Invention for System and Method for Integrated Waste Storage

Invented by James W. Bohlig, Douglas R. Casella, Repower Ip LLC

The Repower Ip LLC invention works as follows

Background for System and Method for Integrated Waste Storage

Fuels for transportation, heating and petrochemical production are becoming scarcer and more expensive. Energy and petrochemical industries are searching for alternative fuel feedstocks that can be used to produce these products, as well as many others. Due to the increasing cost of fossil fuels and transportation costs, fuel feedstocks for energy production and petrochemicals are rapidly increasing.

The production of electricity and heat is based on fossil fuels such as coal and oil. Synthesis gas is used to produce liquid fuels and petrochemicals.

Combustion, and gasification is a thermochemical process that releases the stored energy in the fuel. In a reactor, combustion occurs in excess oxygen or air. The combustion process is primarily used to produce steam, which is then used in steam turbines to produce electricity. The gas produced during combustion is a significant amount of pollutants due to the nature of the complete combustion. In an oxidizing environment, the combustion of coal, for instance, releases nitrogen oxides. These are precursors to ground-level ozone, which can trigger asthma attacks. The combustion of fossil fuels with high sulfur content, like coal, is the main source of sulfur dioxide, which produces very fine particles of sulfates. The fine particle pollution produced by U.S. Power Plants is responsible for the premature death of more than 30,000 people every year. “Fine particles from power plants” are responsible for asthma attacks, heart problems, upper and lower respiratory issues and cardiac problems in hundreds of thousands of Americans.

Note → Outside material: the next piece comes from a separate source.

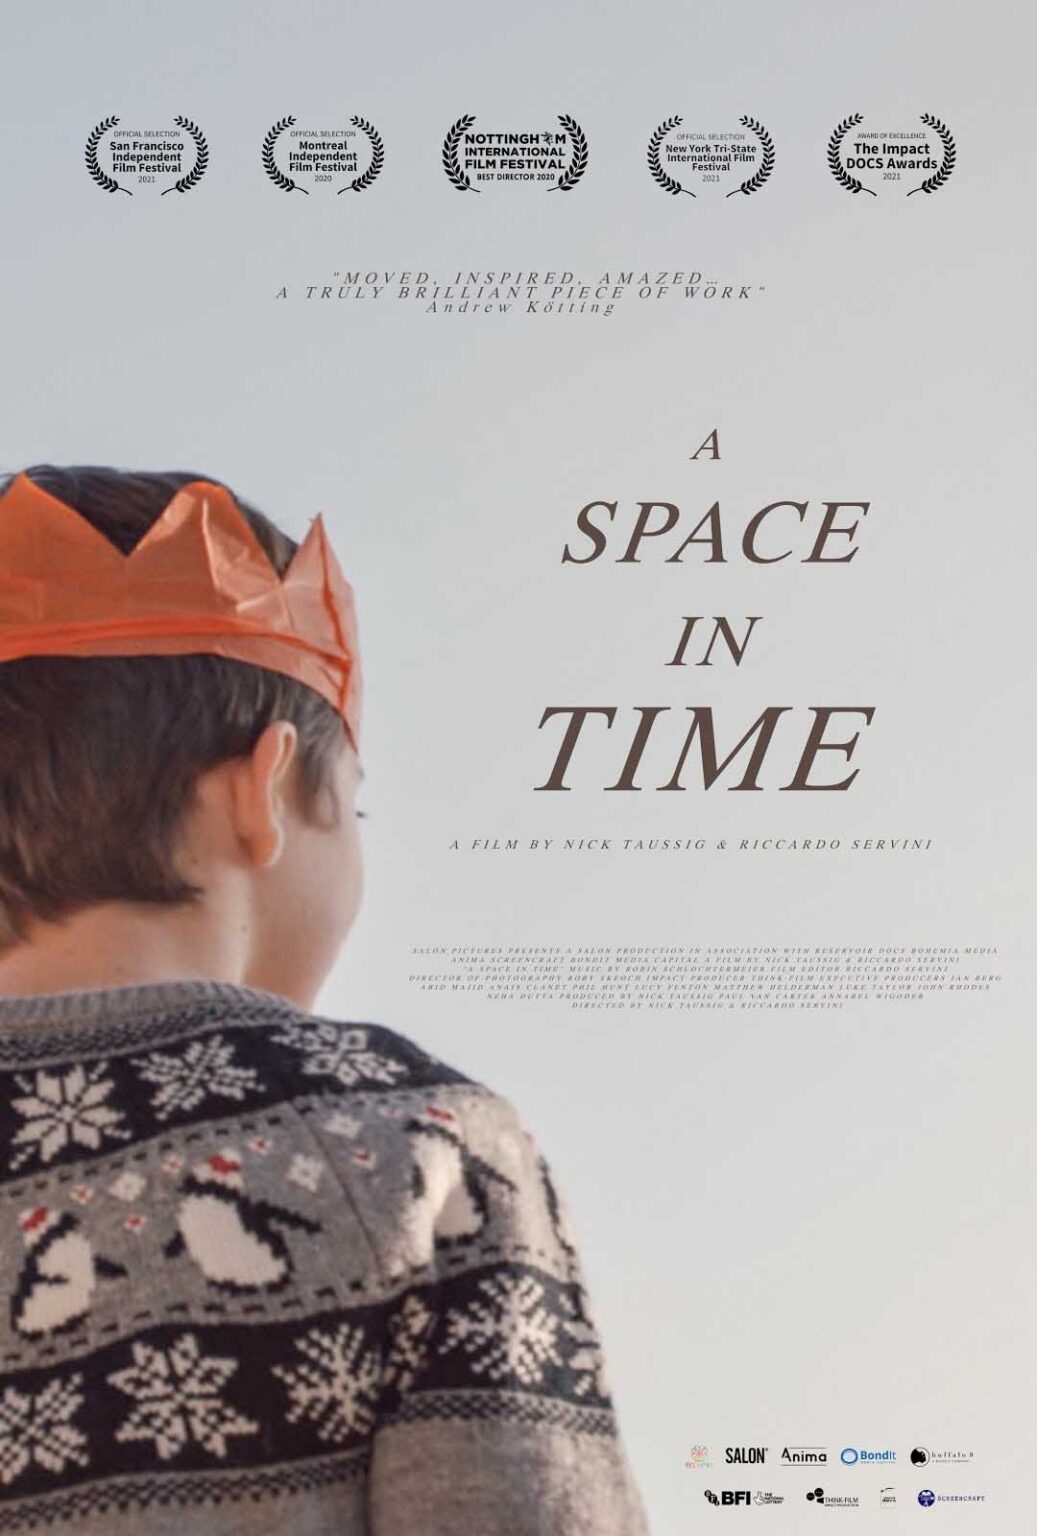 From director/producer Nick Taussig comes a powerful doc about a family brought together through hardship. Here's your exclusive look at 'A Space in Time'.

Gasification can also occur in a reactor in the absence or presence of oxygen in substochiometric quantities. The thermochemical reactions which occur in the absence or with substochiometric oxygen amounts do not lead to the formation of sulfur oxides or nitrogen oxides.

The basic reactions of gasification are:

All of these reactions can be reversed and their rates are dependent on the reaction kinetics. This is a function of the temperature, pressure, and concentration of reactants within the reactor. The endothermic reaction can be satisfied by providing heat directly or indirectly.

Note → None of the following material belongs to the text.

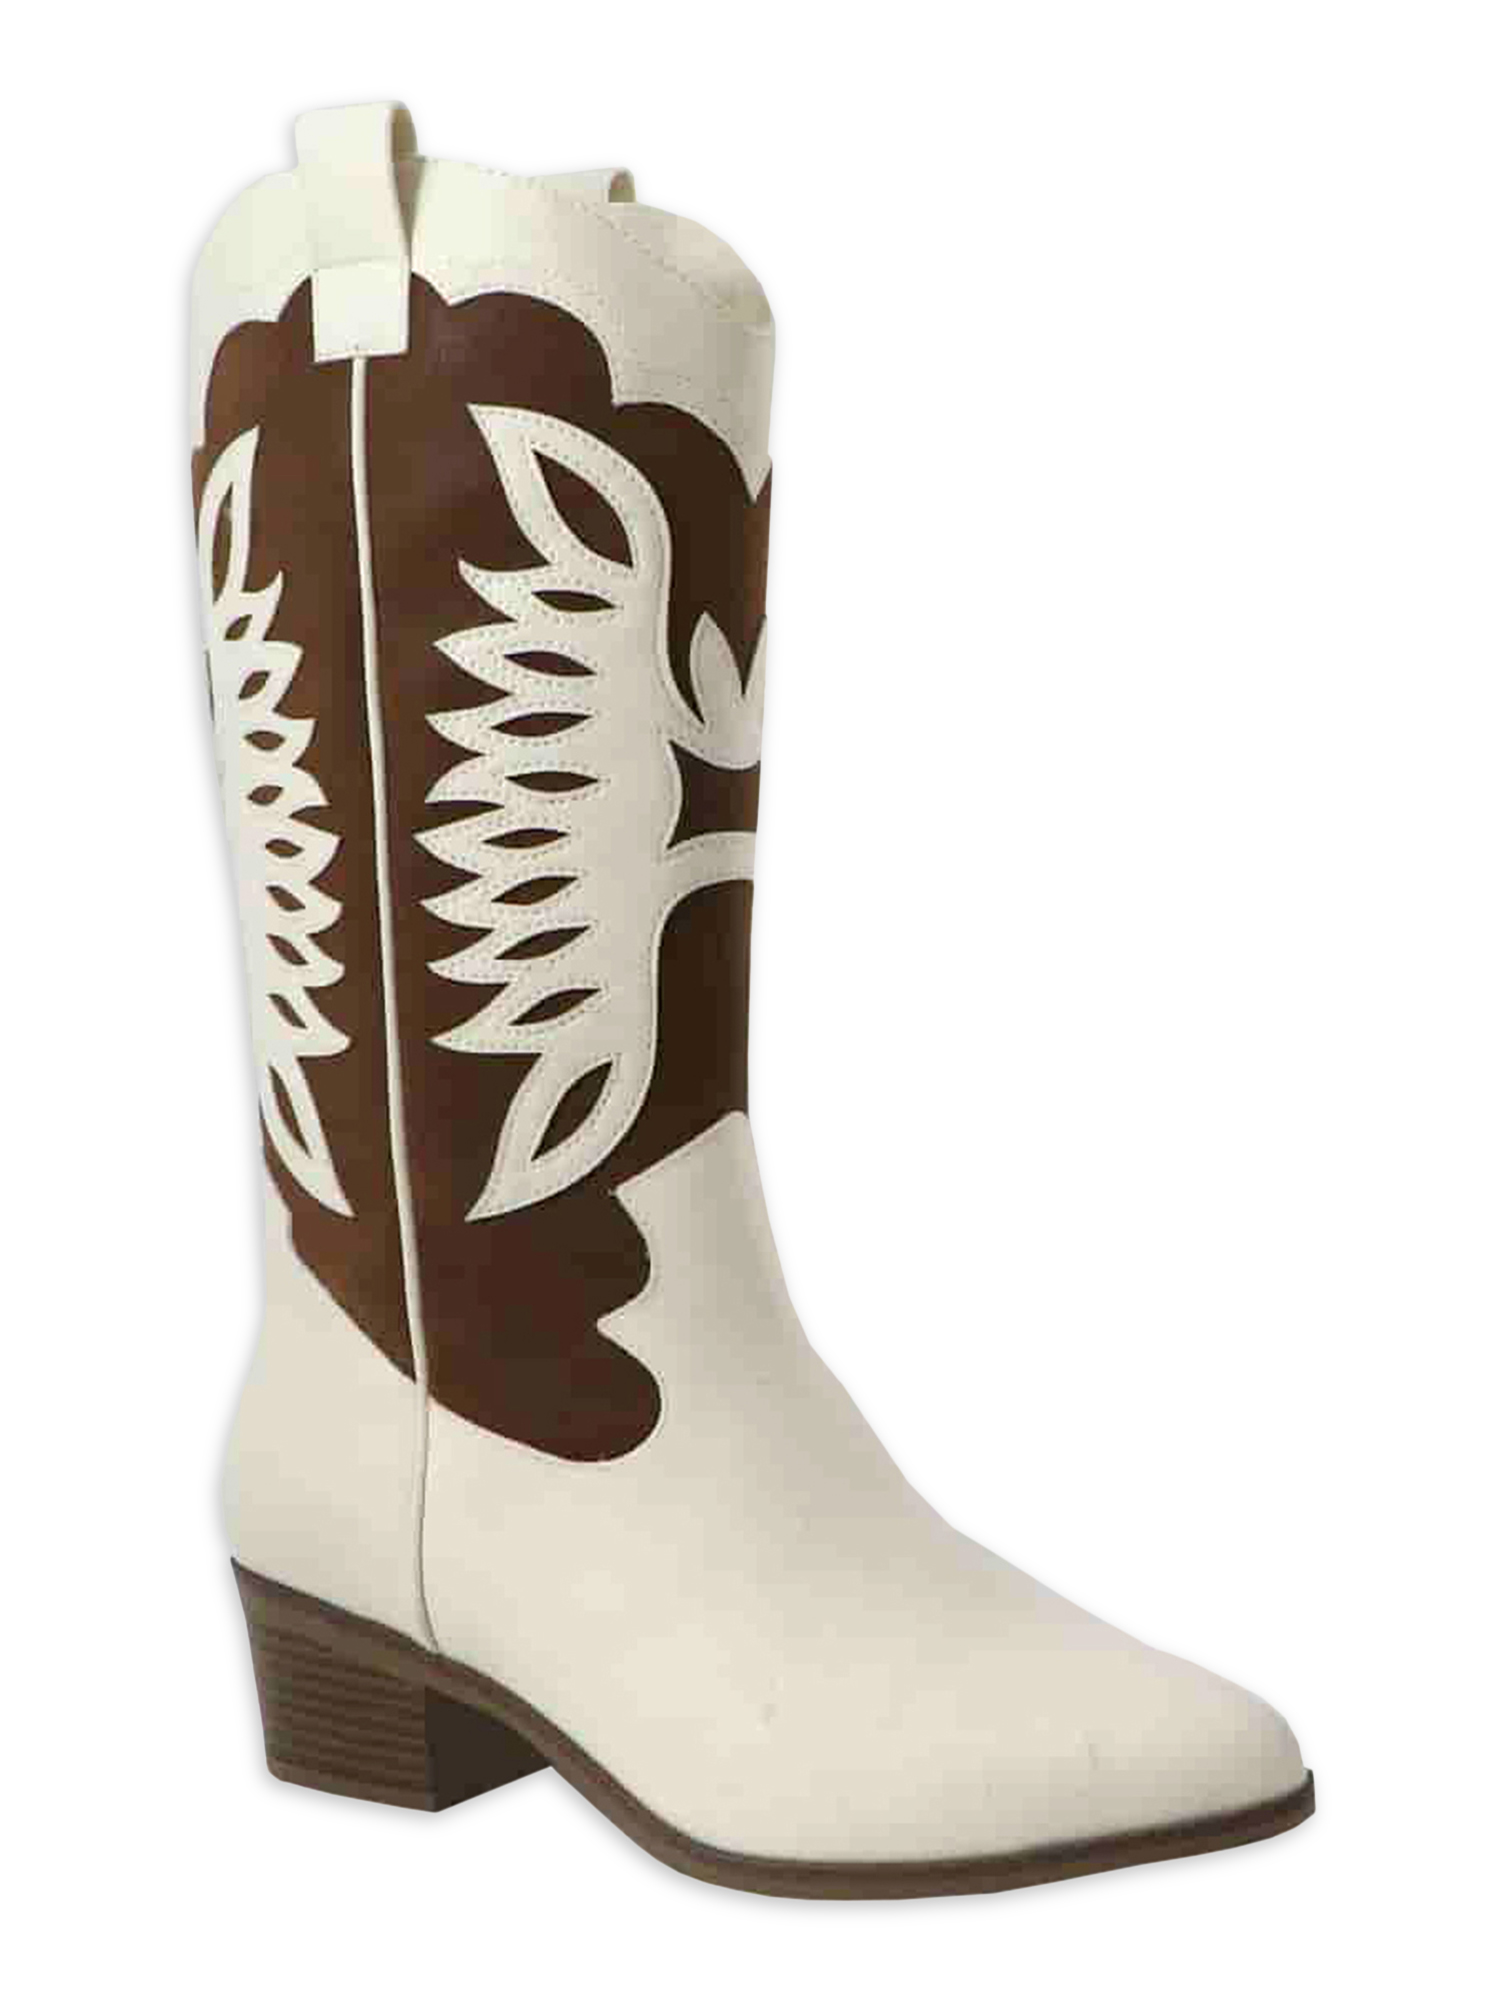 The Pioneer Woman Women's Tall Embroidered Western Boot - image 1 of 6

A number of gasifiers have been developed. Gasifiers can be classified into four main categories: fixed-bed-updraft (also known as fixed-bed-downdraft), bubbling fluidized-bed, and circulating fluidized-bed. The differences are based on how the fuel is supported in the reactor vessel. They also include the flow direction of the fuel as well as the oxidant.

The fluidized bubble bed is composed of inert, fine particles of sand, alumina or other materials that have been chosen for their size, density and thermal properties. The frictional force of the gas (oxygen or air) and particles is equalized when gas is forced through a bed of particles. This gas velocity (called the minimum fluidization speed) can cause gas to bubble and flow through the media, causing the particles to appear in a “boiling” state. Fluidized particles break up biomass and promote heat transfer in the reactor. Gasification by bubbling fluidized bed has many advantages: uniform gas product; uniform temperature distribution in the reactor; accepts fuel particles of all sizes including fines; high heat transfer rates between fuel, inert materials, and gas. High conversion is possible even with low amounts of tar or unconverted carbon. Gasification by bubbling fluidized bed has several disadvantages: lower gas-solids contact efficiency, increased dust entrainment and attrition rates. Large bubbles can result in gas bypassing the bed.

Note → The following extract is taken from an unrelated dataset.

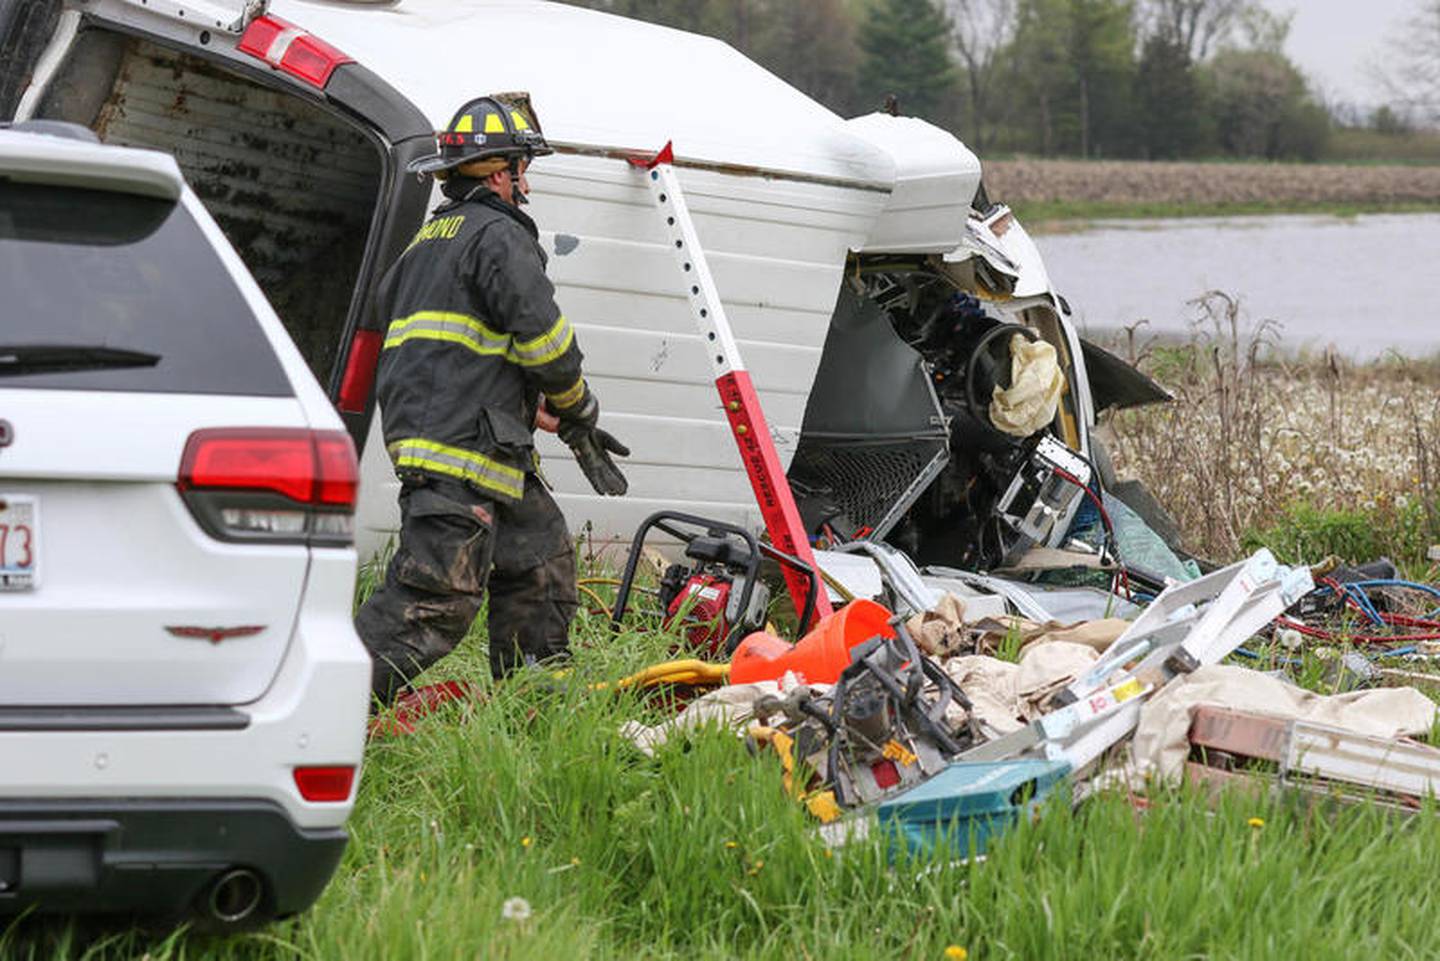 The McHenry County Sheriff's Office responded to a fatal crash near Hebron on Monday, May 18, 2020. William P. Bishop was charged with murder in connection with the crash.

The circulating fluidized-bed gasifiers operate with gas speeds higher than the transport velocity. This results in a significant entrainment in the gas stream of particles. The entrained particles must be separated in a cyclone before being returned to the reactor. It is ideal for quick reactions, and the high heat transfer rates are possible because of the high heat capacity in bed material. High conversion rates can be achieved with low tar content and unconverted coal. The production of syngas with higher energy content is also possible, as the heat needed for gasification can easily be transferred to the outside by circulating particles that act as heat carriers. “The disadvantages of circulating liquidized-bed gasification include: temperature gradients in the direction of solid flows; smaller particles are needed; high speeds may cause equipment erosion; and less efficient heat exchange than bubbling fluidized bed.

Gasifiers are designed to produce a specific product using a fuel that is constant and unchanging. Gasifiers today use wood, coal and biomass as fuels. Energy and petrochemical companies are looking for alternative fuel feedstocks because some fuel sources are becoming more expensive.

Waste is a potential source for a large quantity of feedstock. Waste, such as municipal waste, is currently disposed of in incineration process to produce heat and/or steamed for use in turbines. The incineration process is a form of combustion, and its negative effects have been discussed above.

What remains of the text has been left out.